LA TABLE. — Essentiellement appelée à représenter le côté matériel de notre existence, la table place devant le Tabernacle nos préoccupations en vue d’obtenir une vie exempte de soucis. Douze pains, cuits à la manière des « matsoth », sont placés sur la table en deux rangées de six. Un pain porte l’autre, et toutes les semaines, au début du Shabbat, les douze pains sont échangés contre douze autres. Le nombre de douze est sans doute choisi en relation avec les douze tribus d’Israèl et leur juxtaposition, leur soutien mutuel expriment l’idée que, sur la base d’une fraternité véritable, tout problème matériel peut trouver, une bonne solution. D’autre part, la mesure de farine dont chaque pain était composé était le double
de la ration allouée dans le désert par la manne quotidienne. Là aussi se retrouve l’appel à la responsabilité sociale ne pas seulement se préoccuper de son propre bien-être, mais inclure dans sa pensée le souci du prochain. Les deux rangées des douze pains sont supportées par des colonnes en or qui symbolisent l’ossature du droit divin, seule capable de donner à toute institution sociale son vrai maintien et une durée à toute épreuve.
LE CHANDELIER. — Sans aucun doute, le chandelier représente devant D. le deuxième élément de notre vie d’homme, notre activité spirituelle. Le nombre de branches, sept, suffit à lui seul à préciser cette idée. La lueur du milieu, légèrement inclinée vers le Tabernacle, réunit et attire à elle les six lumières qui l’entourent. Ne serait-ce pas là le symbole des six jours de la semaine qui doivent recevoir leur inspiration de l’éclatante clarté du Shabbat, septième lumière du chandelier de la vie ? Chaque branche se compose de calices, de boutons et de fleurs et l’ensemble nous paraît indiquer la manière dont l’esprit et la capacité de travail intellectuel doivent être dirigés pour atteindre le maximum de lumière. A la base il y a le calice, la coupe qui reçoit le précieux liquide. Donc première phase de toute activité spirituelle du Juif recevoir, absorber. Le deuxième élément est le bourgeon qui opère, par un travail tout intérieur, s~ns auc-une~ trace visible, la mise en valeur, la prise de possession de ce qui a été reçu. Alors, après réception et transformation, la fleur peut apparaître, produit harmonieux du concours des différents éléments. Le chandelier est d’un seul bloc, sans aucune soudure, sans apport extérieur. L’esprit de la Thora ne peut. subir aucun mélange, aucune adjonction qui ne pourrait que le déformer. Sa seule lumière suffit à éclairer le monde, et tout le vaste domaine des interprétations humaines reçoit son inspiration vivifiante de la pensée juive telle qu’elle est reflétée par la Loi. Un détail: la fleur est en forme de fleur d’amande. L’amandier est l’arbre qui, non seulement. est le premier à fleurir, mais encore produit ses fleurs avant ses feuilles. En d’autres termes, l’esprit de la Thora, garant de la continuité de l’espèce humaine et de son avenir (la fleur, porteur du germe reproducteur) est la condition préalable de la vie et de l’existence matérielle même de tout individu (la feuille qui procure à l’arbre les éléments indispensables à sa subsistance). C’est seulement lorsqu’est assurée une base solide à l’accomplissement et au perfectionnement du genre humain que la vie de chacun peut raisonnablement prendre sa place dans la chaîne des générations. Isolés, nous ne sommes rien, nous ne prenons toute notre valeur de bâtisseurs que dans l’immense suite des siècles qui, lentement mais sûrement, nous conduisent vers le bonheur.
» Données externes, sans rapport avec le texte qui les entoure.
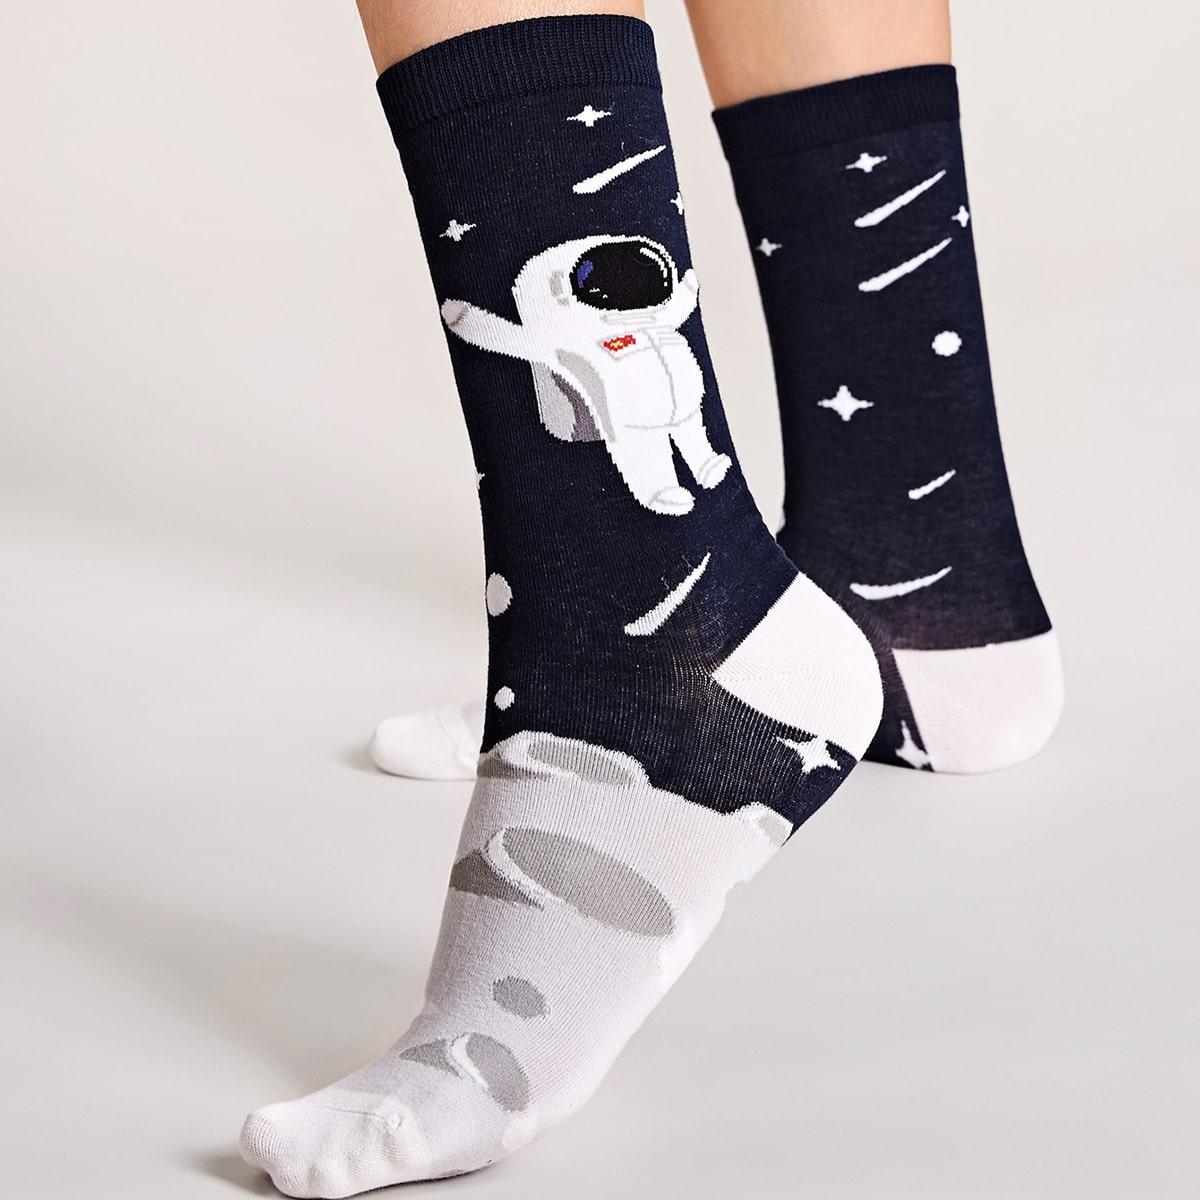 1 пара носков космонавта

L’EDIFICE. — Composés de piliers en bois et solidement reliés par des traverses, les trois côtés du sanctuaire laissent l’entrée béante, fermée uniquement par un rideau. D’après la tradition, une traverse invisible courait tout le long des trois côtés et donnait à l’ensemble de la construction une unité parfaite. Quatre traverses visibles, deux à l’intérieur et deux à l’extérieur, la complètent. Peut-être est-ce là une allusion aux quatre mères dont descendent les douze tribus d’Israèl, mais qu’un seul père, Jacob, unit dans une famille réelle. Quatre groupes se distinguent à l’intérieur du peuple la direction spirituelle, la direction politique, la paysannerie et le commerce. Chacune de ces quatre branches est représentée par une tribu dirigeante. Lévi: chef spirituel. Juda, chef politique. Zabulon, grand commerçant, explorateur des mers, et Naphtali, assuré de la bénédiction de l’Eternel. Leur diversité n’est qu’apparente, ils sont tous unis par la traverse intérieure, par le même souffle qui leur vient de l’héritage de Jacob.
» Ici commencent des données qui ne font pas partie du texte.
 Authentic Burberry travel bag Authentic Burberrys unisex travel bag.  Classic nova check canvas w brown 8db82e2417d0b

L’AUTEL. — Majestueux, l’autel se dresse sur le parvis du sanctuaire. Sur un bloc massif de terre, ses panneaux s’élèvent pour former un cube couronné du plateau sur lequel Israèl apportera ses sacrifices. Le texte insiste sur le caractère parfaitement cubique de l’autel. Il n’est peut-être pas trop osé de constater son analogie avec un autre cube plus petit mais aussi parfait, tel qu’il existe dans les phylactères, les «tephillines ». Là aussi, la prescription de cette forme précise demande à être expliquée. Essayons de voir les deux sous le même angle. L’autel est l’endroit où, symboliquement, tout notre être, toute notre personne humaine avec toutes ses facultés, est consacrée à D. C’est l’essence de notre corps et de notre âme, représentée par le sang, porteur de la vie et aussi facteur prépondérant de notre âme (la Thora n’appelle-t-elle pas le sang: sang de l’âme, sang de la vie) qui est sanctifié, élevé vers D. D’autre part les « tephillines» entourant le bras et la tête entendent soumettre au service du Seigneur tout ce que les bras et la tête de l’homme peuvent produire. C’est-donc véritablement notre pouvoir constructif, notre qualité d’associé de D. dans le plan universel qui est l’objet de l’une comme de l’autre des deux sanctifications : celle de l’autel comme celle des tephillines. Il n’existe pas de symbole plus éloquent de l’activité libre, raisonnée et consciente de l’homme que le cube, dont tous les côtés sont strictement de la même dimension, qui est dûe à la main savante de l’être humain. Il est même possible de prétendre que le cube parfait, contrairement. aux autres formes géométriques, ne se retrouve nulle part spontanément dans la nature. Donc, chaque fois que la Loi fait appel à nos qualités constructives et à leur intégration dans le plan divin, le cube apparalt comme caractéristique d’une action symbolique agissant sur notre volonté d’être dignes de notre mission d’hommes.